Крались, крестились, оглядывались, вновь начинали красться, креститься. Едва миновали Цербера, тут-то все софиты и вспыхнули, семерых мы схватили. Шерефетдинов бежал, подлец, скрылся безвестно. Я повелел собрать стрельцов на заднем дворе; вышел к ним вместе с Нагими, вместе с Басмановым. Стрельцы, как меня завидели, так и попадали на колени. Умны, нечего сказать! Смотрю на вас и смеюсь. Надо бы плакать, но я все же смеюсь. Взрослые дядьки, а ведете себя как дети. То убивать идете, то на колени бухаетесь. Вы грубы и невежественны, нет в вас любви. Доколе будете вы заводить смуты, всей земле делать бедствие? Разве мало она настрадалась? Сколько крови пролито, сколько душ загублено, сколько надежд и жизней растоптано. Все вам мало; еще не натешились. Меня Господь сохранил; я пришел вас вызволить из нищеты и неволи. А вы все погубить меня ищете. И в чем вы можете меня обвинить? Что я не Димитрий, я не я, сам не сам? Обличите меня, тогда и делайте со мной, что хотите. Моя мать и вот эти бояре за меня свидетельствуют. Разве овладел бы я таким царством, если бы не был царем истинным? Бог не допустил бы этого. Меня перст Божий на царство призвал. Рука могучая, с которой не вам тягаться, вернула мне то, что принадлежит мне по праву. Зачем же вы злоумышляете на меня? За что так не любите вы меня? Говорите прямо, говорите свободно передо мною.

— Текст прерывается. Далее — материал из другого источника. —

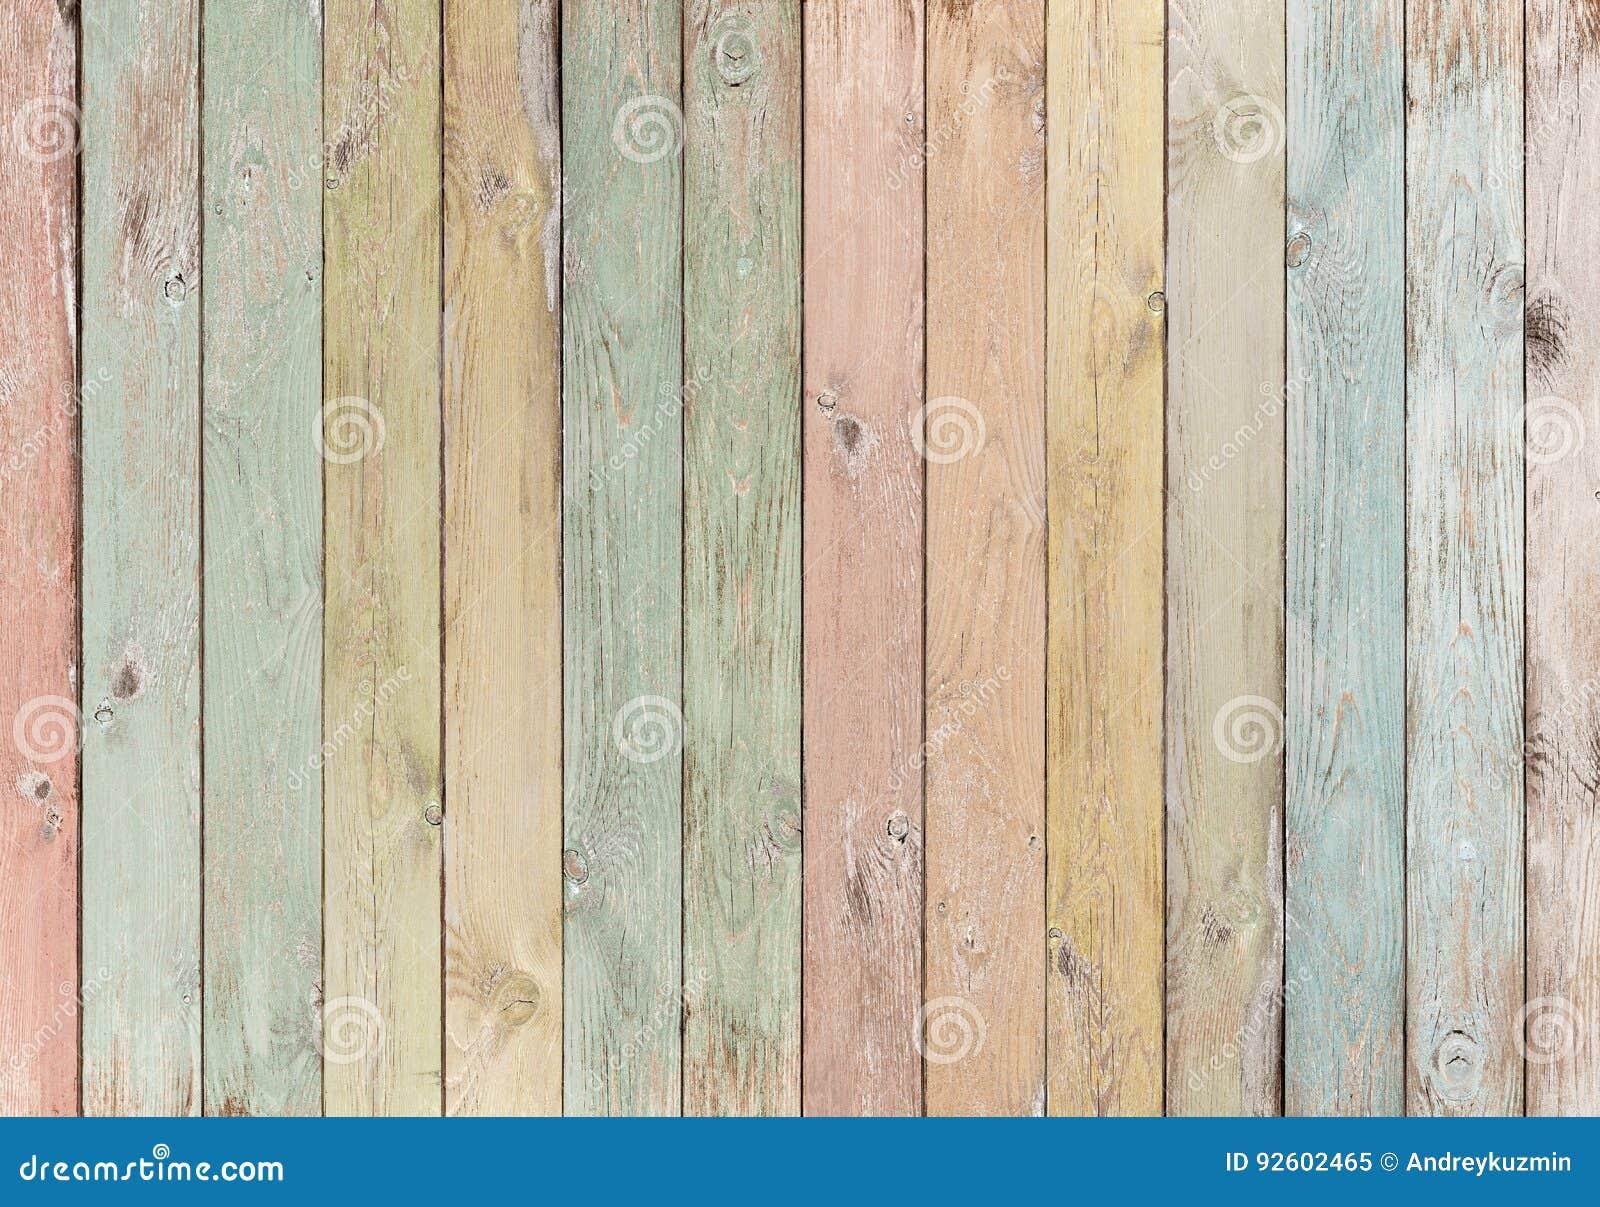 Texturas De Colores Pastel: Fondo O Textura En Colores Pastel Coloreado Tablones De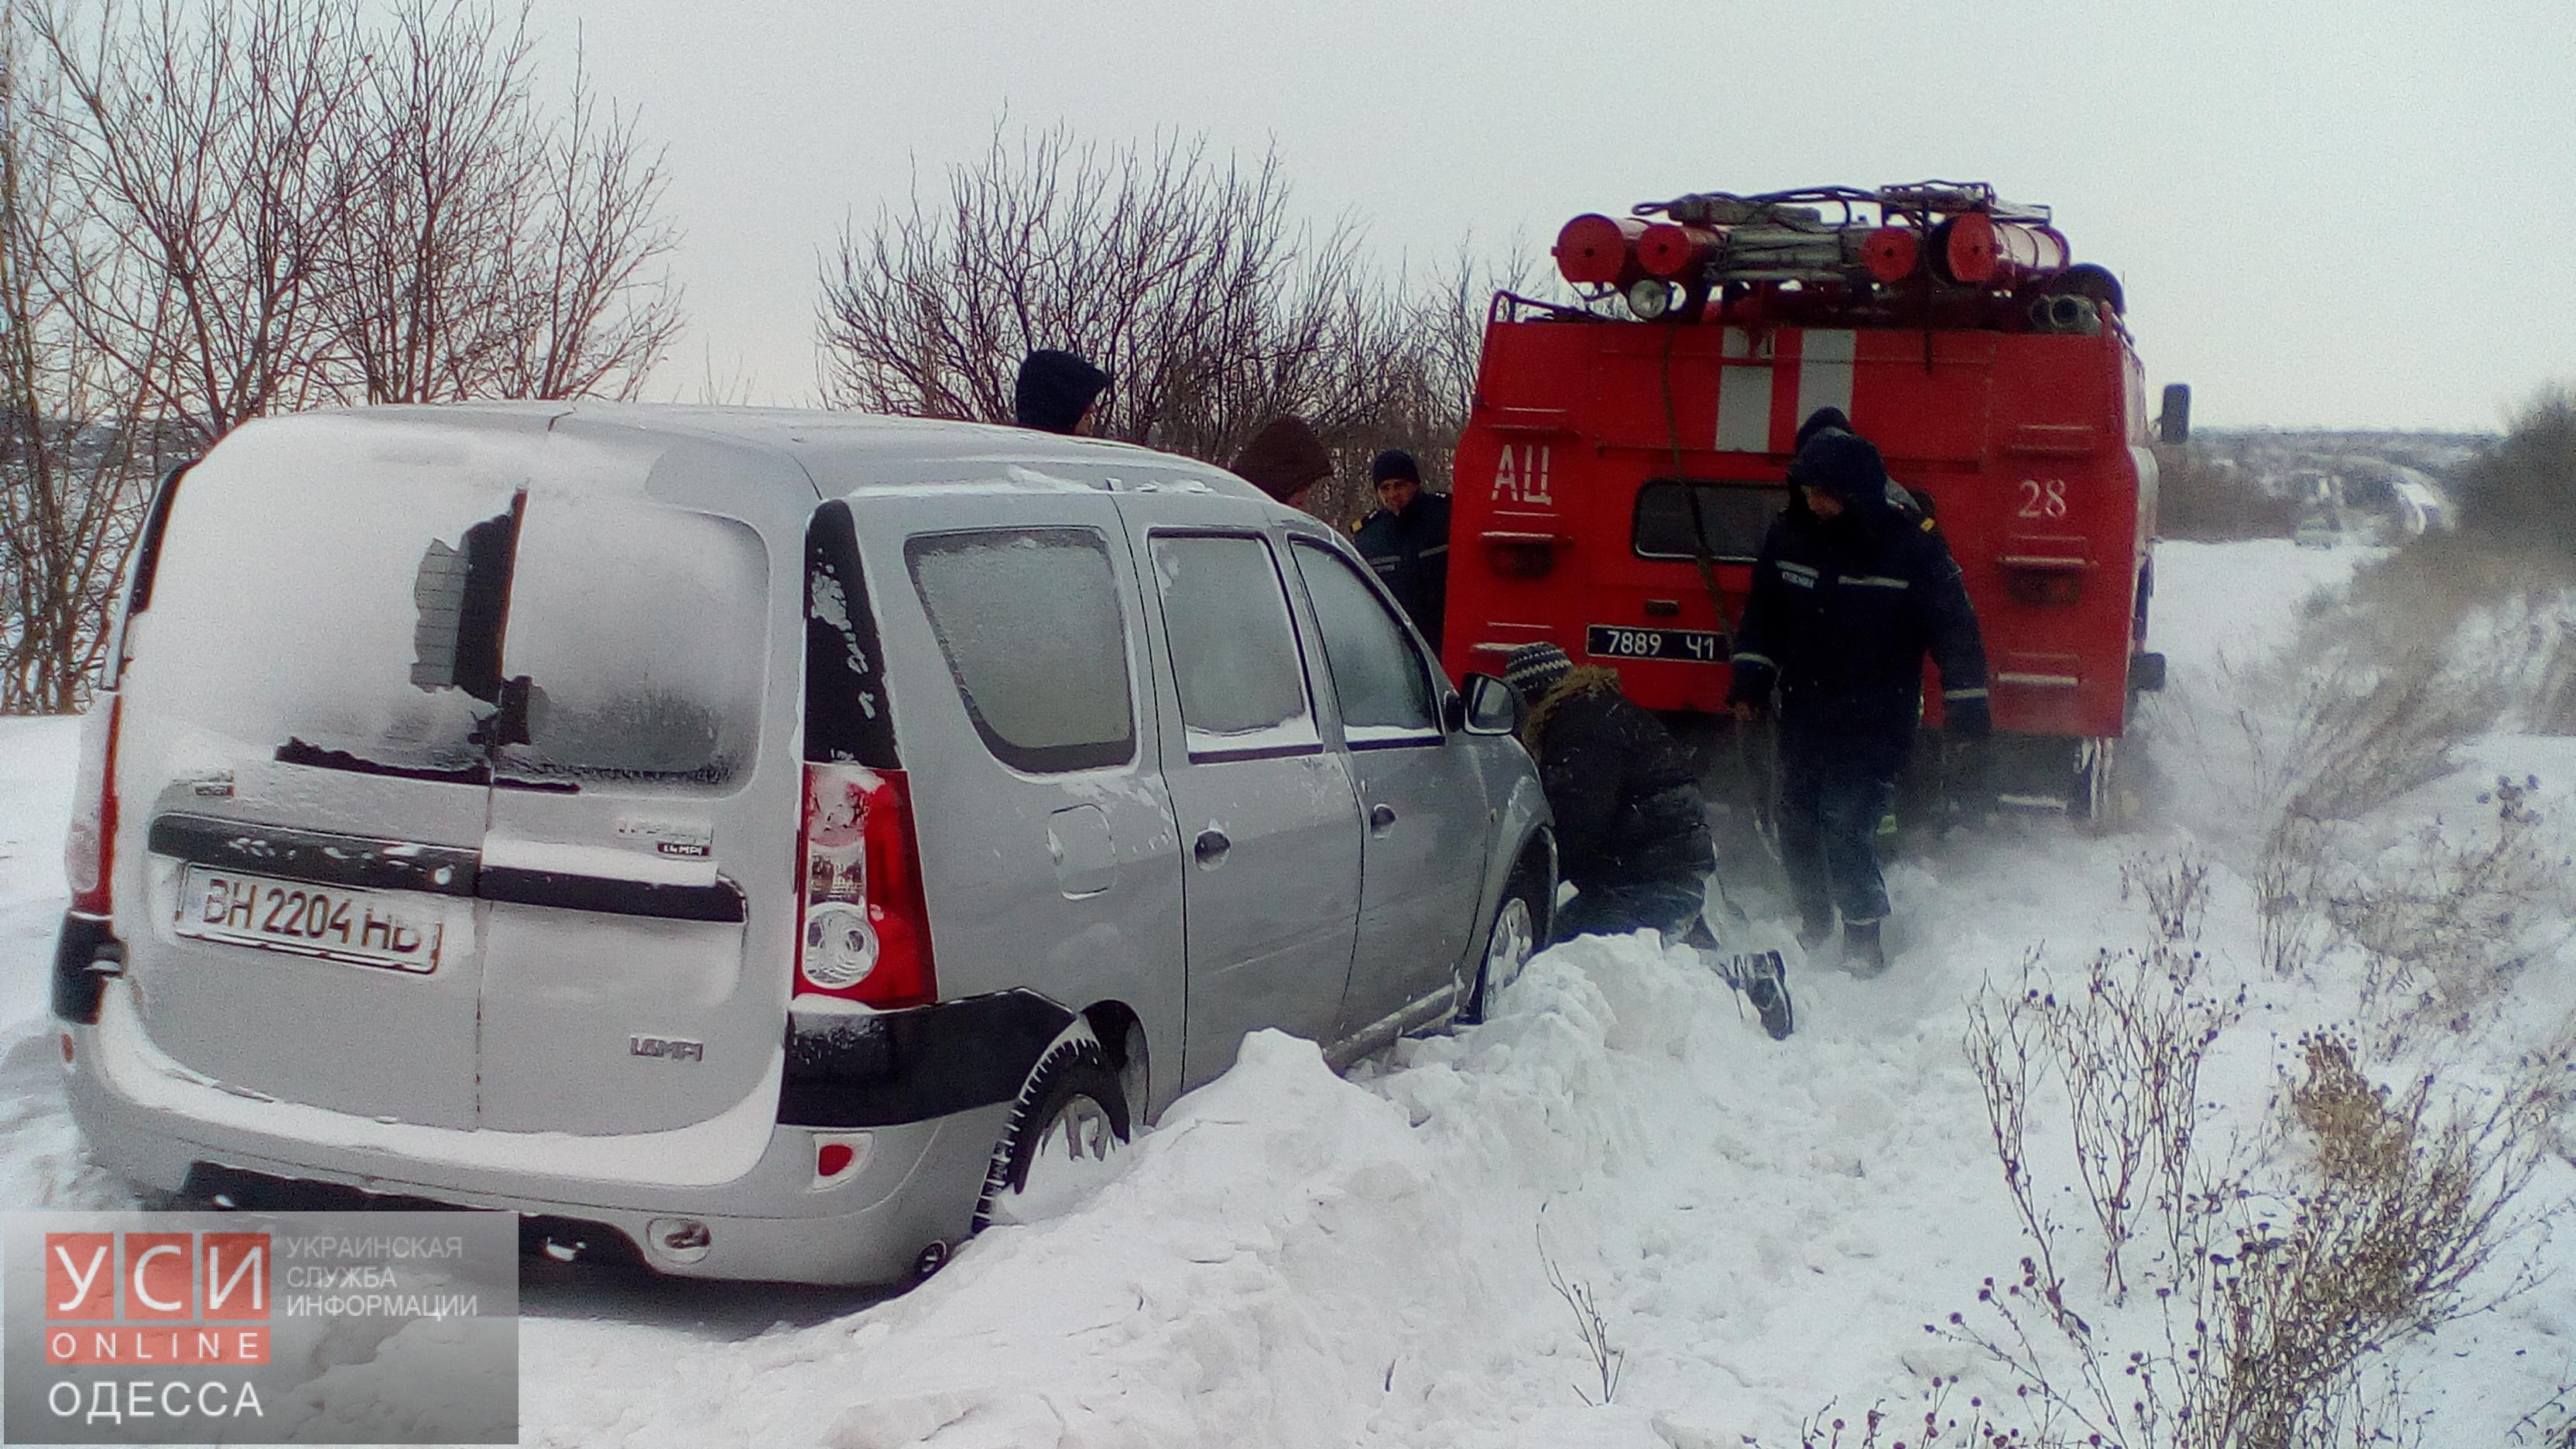 В Одесской области во время непогоды умер один из спасателей

Тут они слезами все залились, без малейшего луку, все на землю попадали, кто еще не упал, и кто уже стоял на коленях, те лбами хлопнулись оземь, сразу все пустились вопить, умолять, чтоб я им выдал зачинщиков. Смилуйся, государь, не гневись. Мы ж люди темные, грешные. Да мы ж за тебя, да ты нам только скажи. Басманов вывел им семерых схваченных. Я ушел во дворец; не хотел смотреть, а все-таки не мог не смотреть из окна, как стрельцы их кончали. Они голыми руками разорвали всех семерых на кусочки. Руками, зубами. Руками рвали, зубами кусали. Один стрелец в такой ярости был, что уши своим жертвам откусывал. Откусывал и жевал, никак не мог проглотить, потом выплевывал, вся морда в крови. Потом куски тел на телегу сгрузили, повезли по Москве, на радость и страх обывателям. Теперь уж никто не смел заикнуться, что я сам — не сам. Теперь народ московский с наслаждением расправлялся с моими врагами, клеветниками. Я не был против, надо сказать. Ежели народ их растерзывает, то вот и отлично. Я же обещал не казнить. А народ не обещал не растерзывать. Давай, Простоперов, начинай, как проспишься. Толку не было в этом, как потом оказалось. Мелкие рыбешки пожирают рыбешек мельчайших. А большие рыбы тихо плавают себе среди водорослей, ждут своей минуты, чтоб наброситься на главную рыбину.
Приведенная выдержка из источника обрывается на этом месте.